Preventing viral diarrhea

Wash your hands frequently to prevent the spread of viral diarrhea. To ensure you or your child is washing your hands thoroughly, always:

  • Wash frequently. Wash your hands before and after preparing food. In addition, wash your hands after handling uncooked meat, using the toilet, changing diapers, sneezing, coughing and blowing your nose.
  • Lather with soap for at least 20 seconds. After putting soap on your hands, rub your hands together for at least 20 seconds. This is about as long as it takes to sing "Happy Birthday" twice through.
  • Use hand sanitizer when washing isn't possible. Use an alcohol-based hand sanitizer when you can't get to a sink. Apply the hand sanitizer as you would hand lotion, making sure to completely cover the fronts and backs of both hands. Use a product that contains at least 60 percent alcohol.
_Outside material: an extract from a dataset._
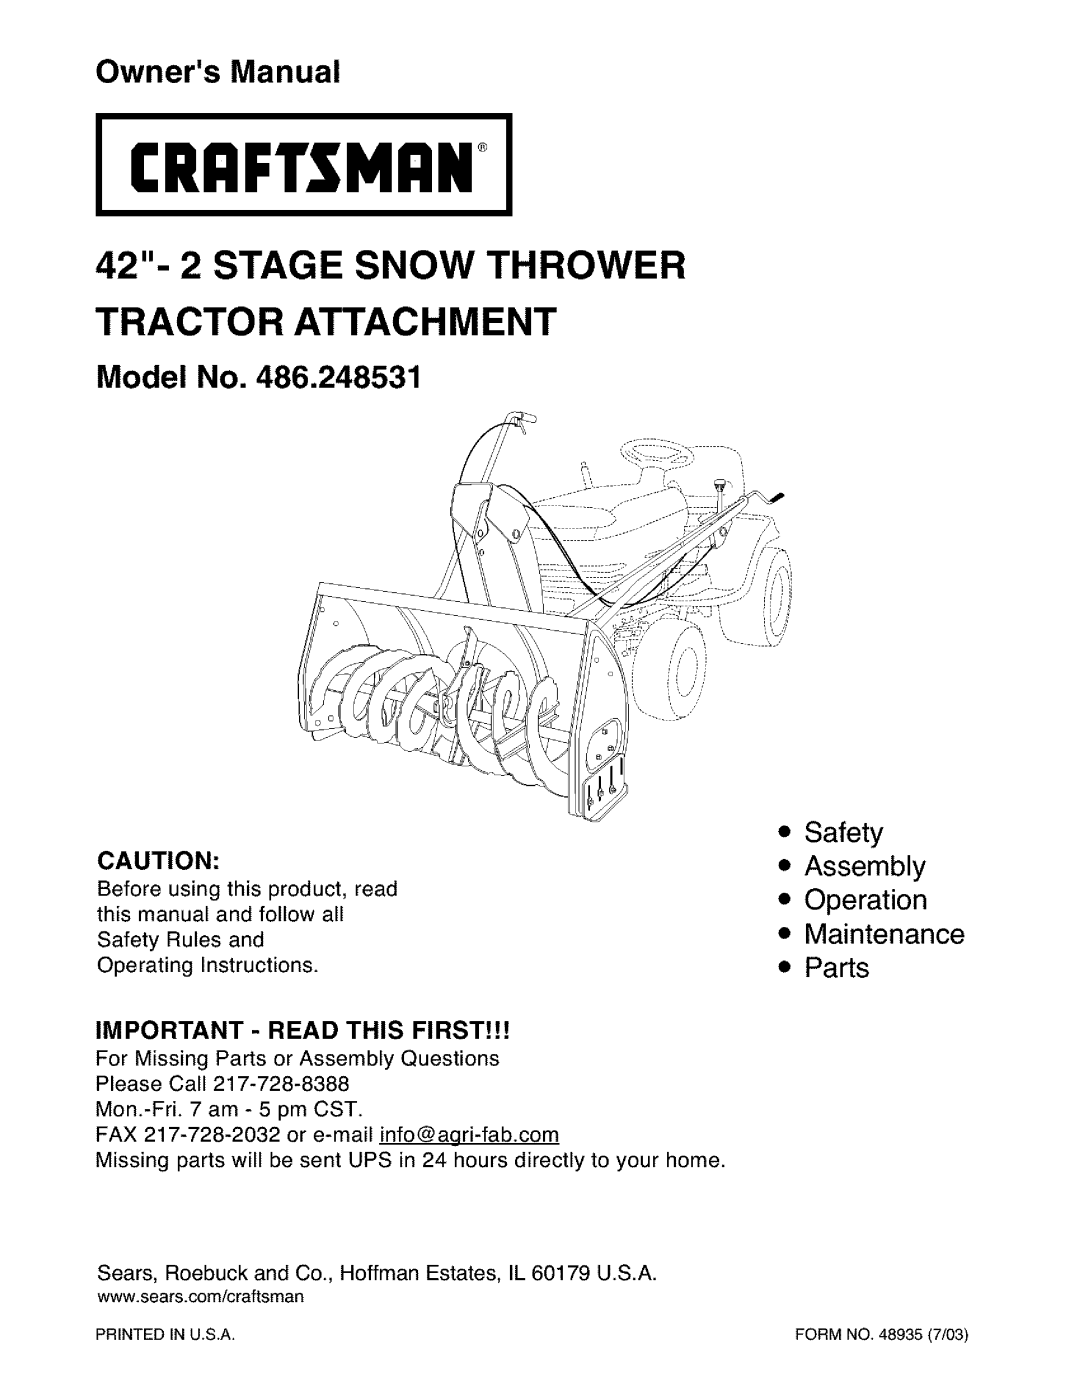 Craftsman 486.248531 owner manual Icrafi,Sman+, 42- 2 STAGE SNOW THROWER TRACTO R ATTAC H M E NT, Model No

Preventing diarrhea from contaminated food

To guard against diarrhea caused by contaminated food:

  • Serve food right away or refrigerate it after it has been cooked or reheated. Leaving food out at room temperature can encourage growth of bacteria.
  • Wash work surfaces frequently to avoid spreading germs from one food item to another. Wash your hands and your work surfaces several times during food preparation.
  • Use the refrigerator to thaw frozen items. Or try putting plastic-wrapped frozen items in a bowl of cold water to thaw. Don't leave frozen items on the counter to thaw.

Preventing traveler's diarrhea

Diarrhea commonly affects people who travel to countries where inadequate sanitation and contaminated food and water are encountered. To reduce your risk:

  • Watch what you eat. Eat hot, well-cooked foods. Avoid raw fruits and vegetables unless you can peel them yourself. Also avoid raw or undercooked meats and dairy foods.
  • Watch what you drink. Drink bottled water, soda, beer or wine served in its original container. Avoid tap water and ice cubes. Use bottled water even for brushing your teeth. Keep your mouth closed while you shower. Beverages from boiled water, such as coffee and tea, are probably safe. Remember that alcohol and caffeine can aggravate diarrhea and dehydration.
  • Ask your doctor about using antibiotics. If you're traveling to a developing country for an extended period of time, ask your doctor about starting antibiotics before you leave on your trip. In certain cases, this may reduce the risk that you'll develop traveler's diarrhea.
  • Check for travel warnings. The Centers for Disease Control and Prevention maintains a travelers' health website where disease warnings are posted for foreign countries. If you're planning to travel outside of the United States, check there for warnings and tips for reducing your risk.